Prompt
In the entries below, begin at the line that has "Audi ทุกรุ่น โปรหมอ", stop after the line that has "CEYLON. in provinces.", and output those lines exactly with no pictures.

Data section
:::::
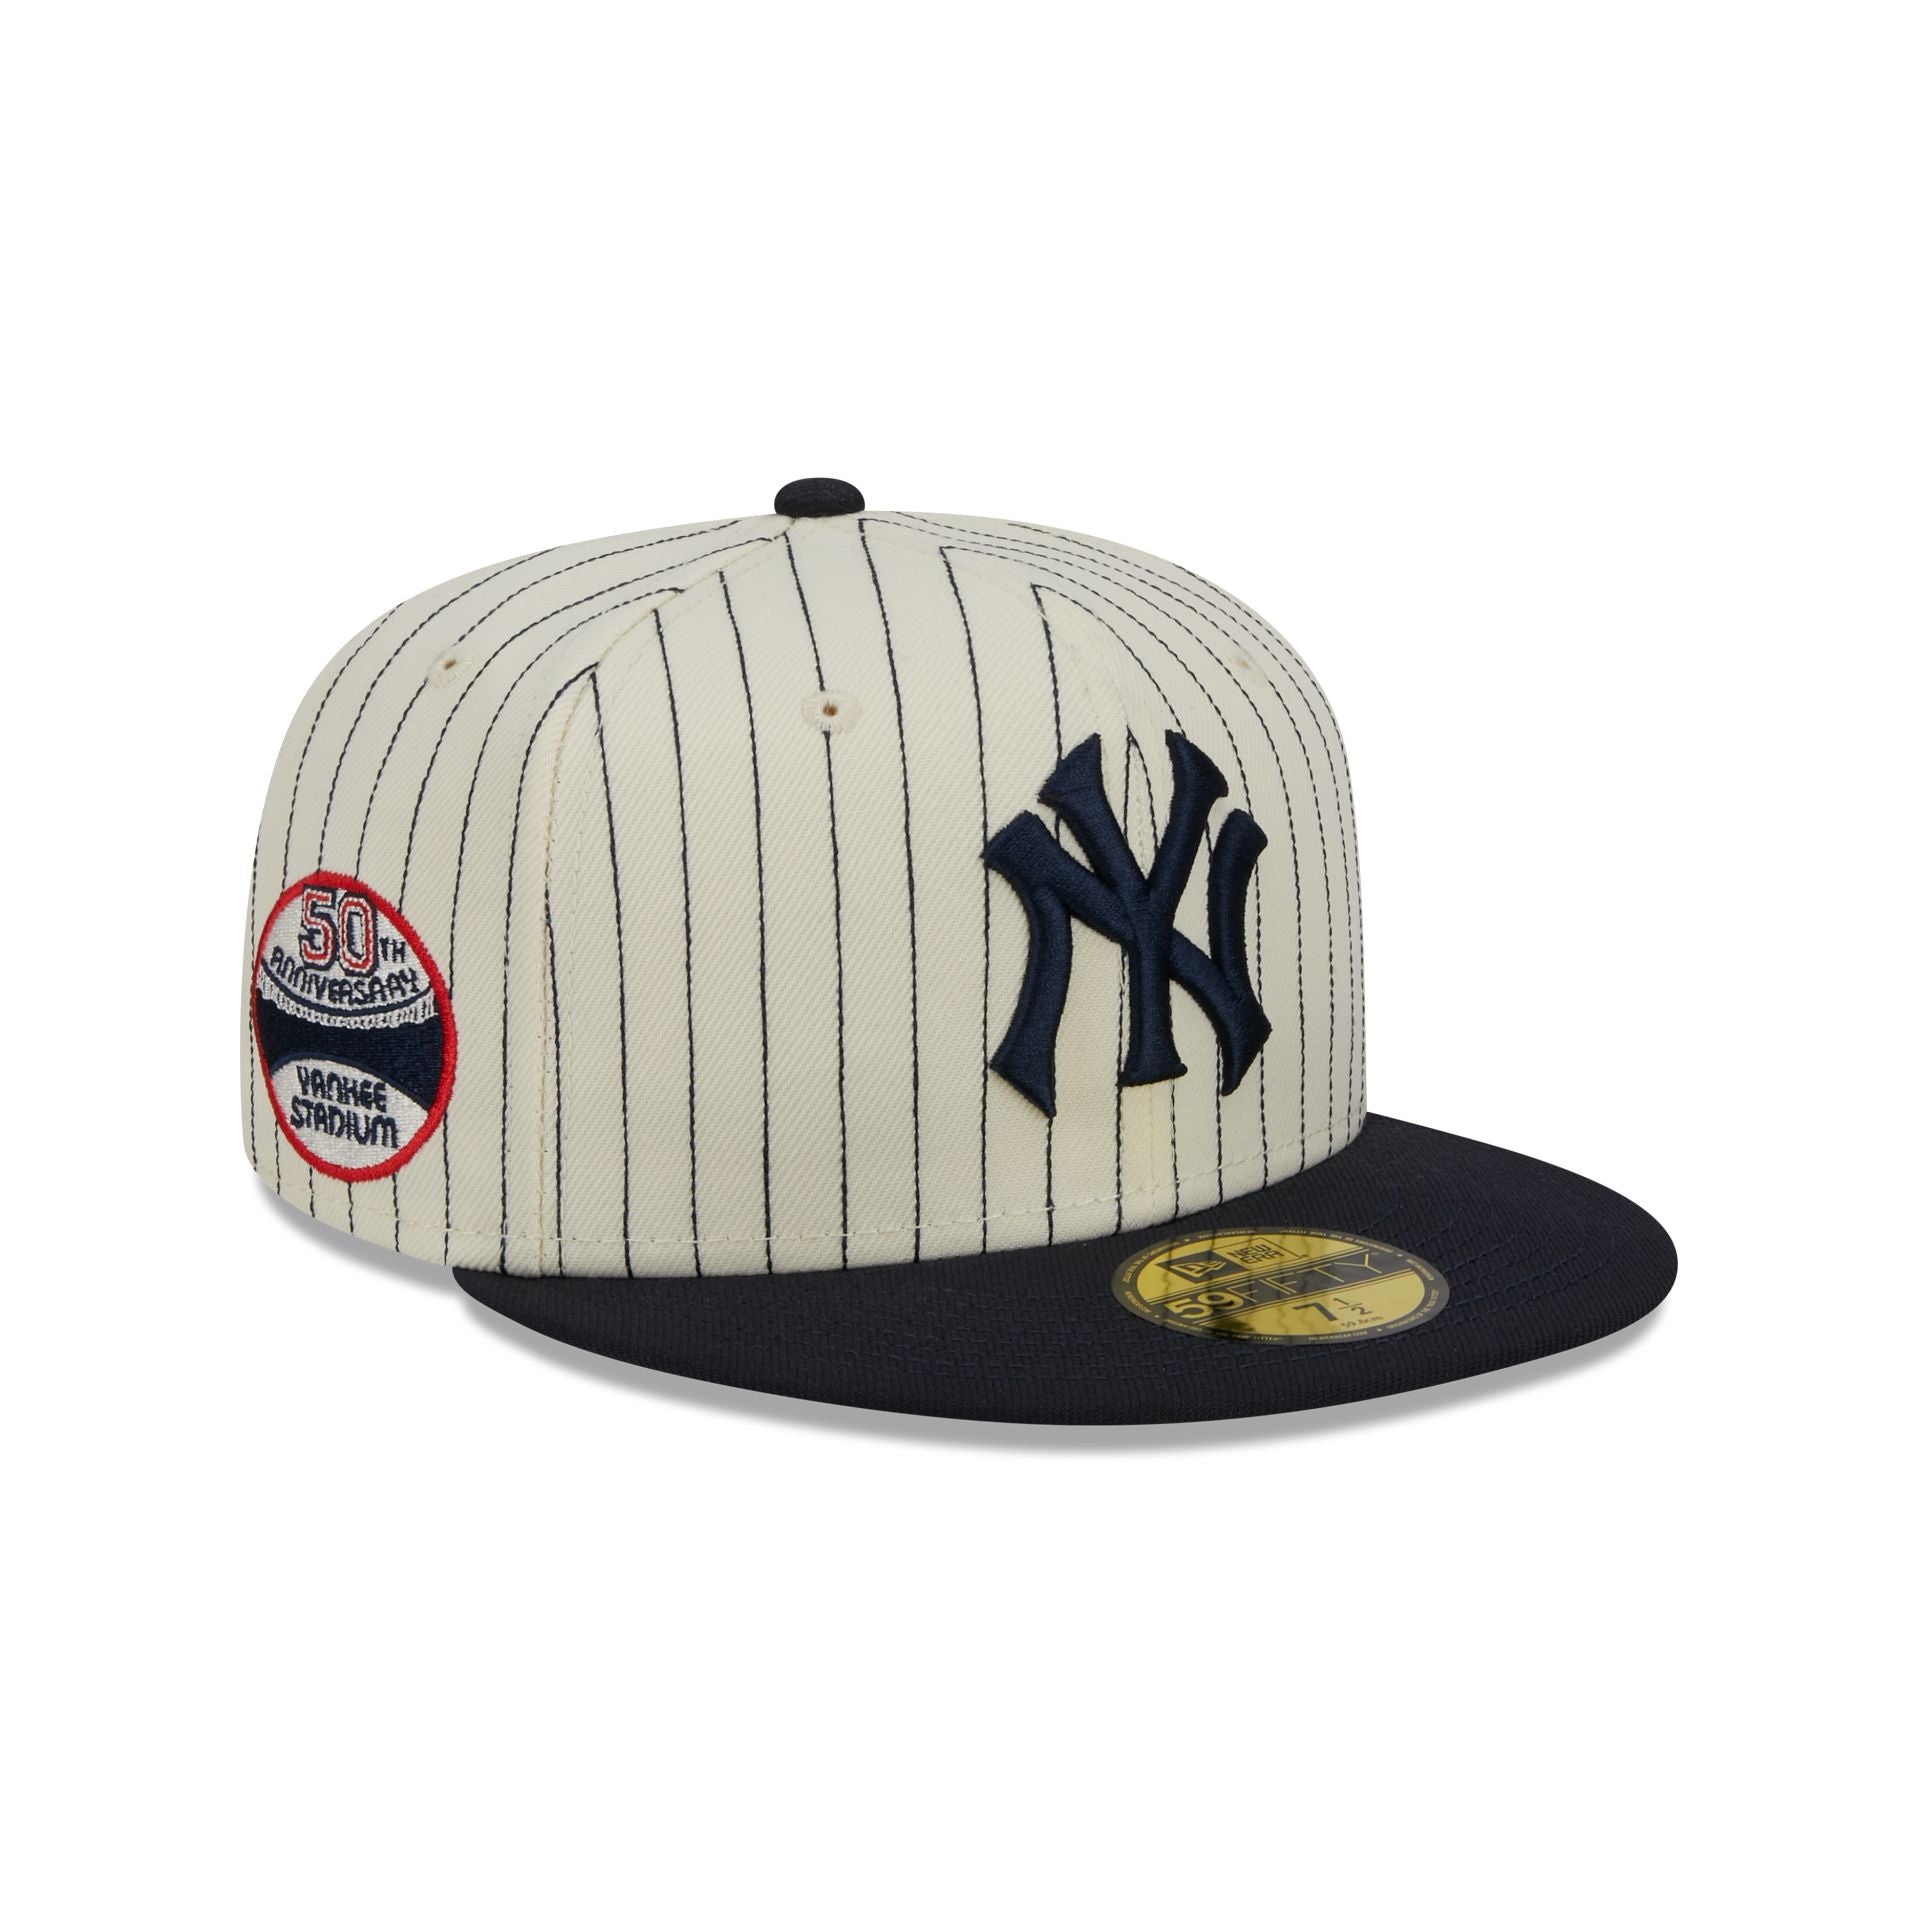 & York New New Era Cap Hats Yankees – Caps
:::::
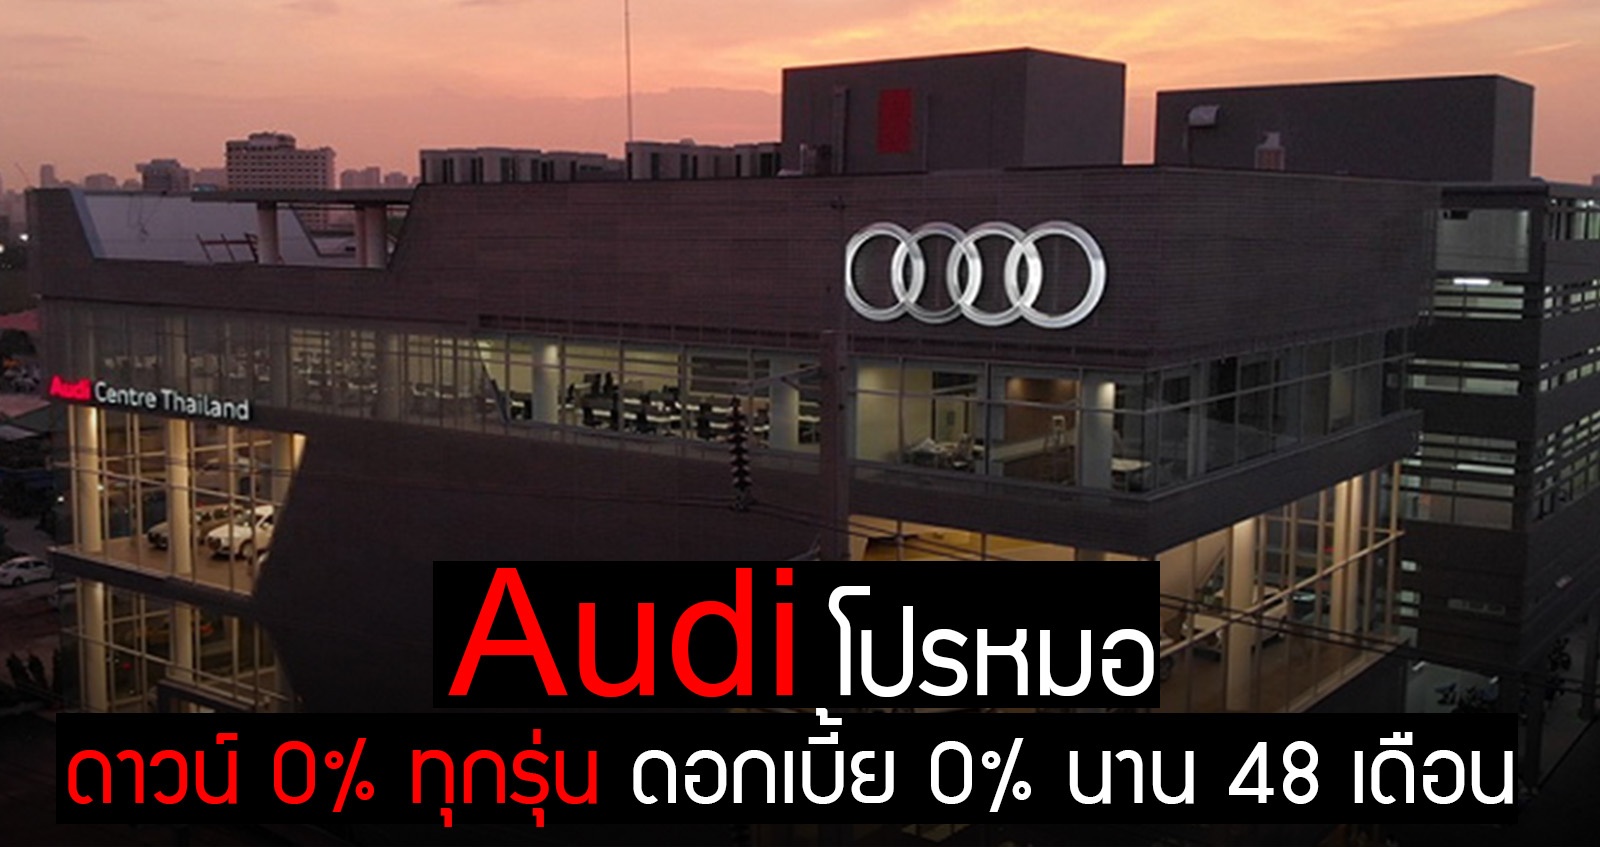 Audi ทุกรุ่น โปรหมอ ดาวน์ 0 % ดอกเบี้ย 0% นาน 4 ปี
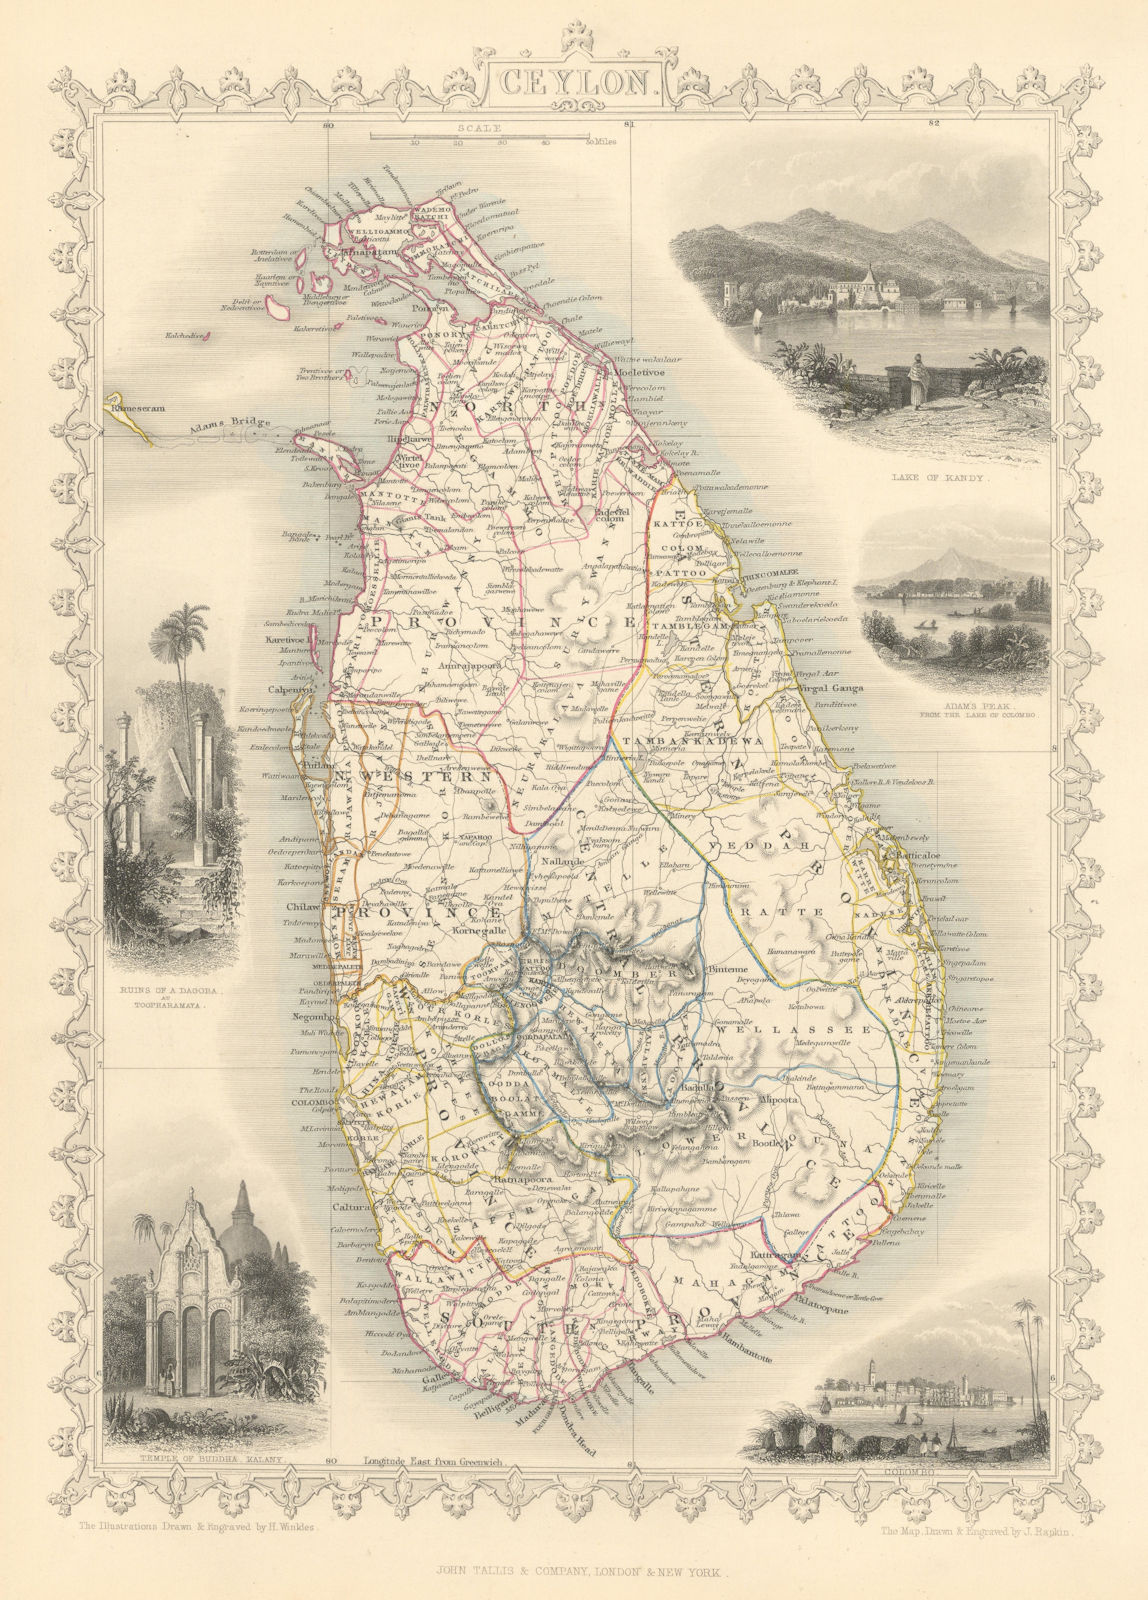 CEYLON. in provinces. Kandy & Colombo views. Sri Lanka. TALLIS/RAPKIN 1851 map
:::::
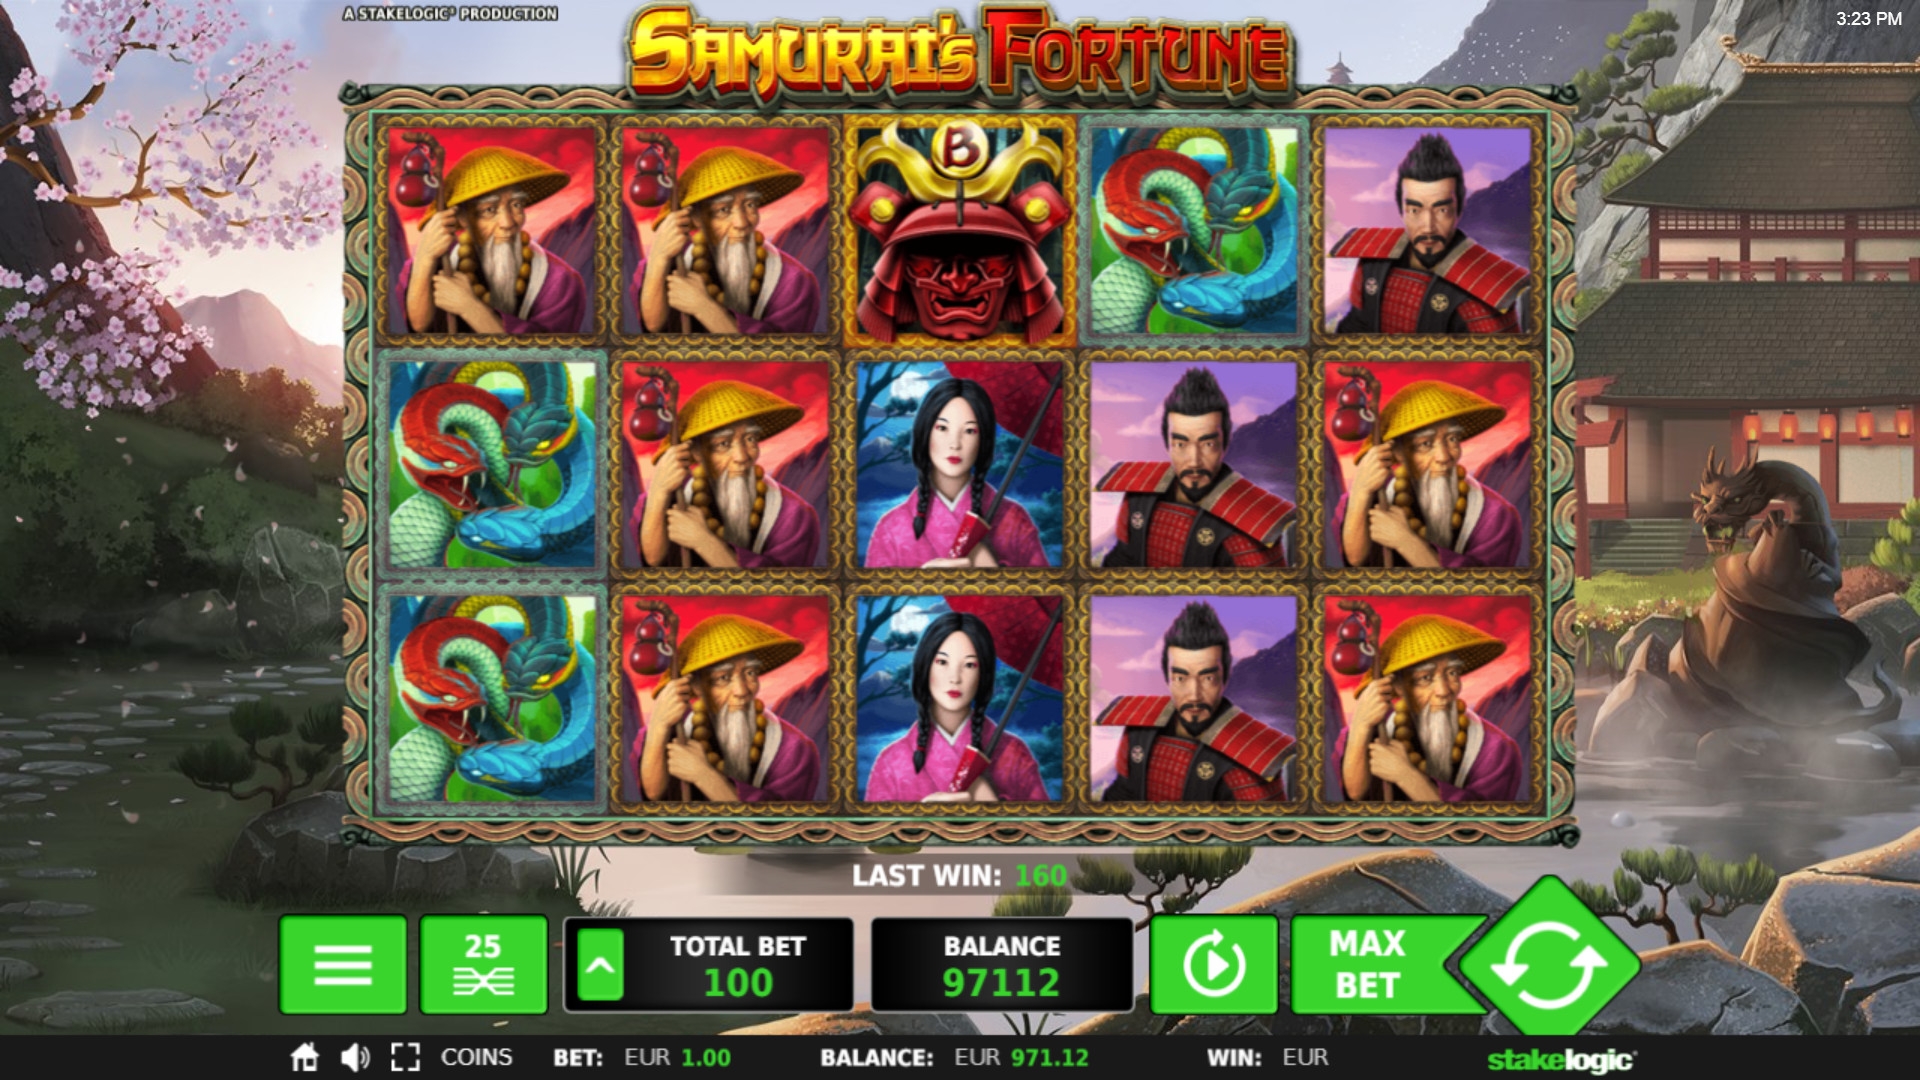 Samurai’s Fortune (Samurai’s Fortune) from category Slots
:::::
Answer to this task
 Audi ทุกรุ่น โปรหมอ ดาวน์ 0 % ดอกเบี้ย 0% นาน 4 ปี
 CEYLON. in provinces. Kandy & Colombo views. Sri Lanka. TALLIS/RAPKIN 1851 map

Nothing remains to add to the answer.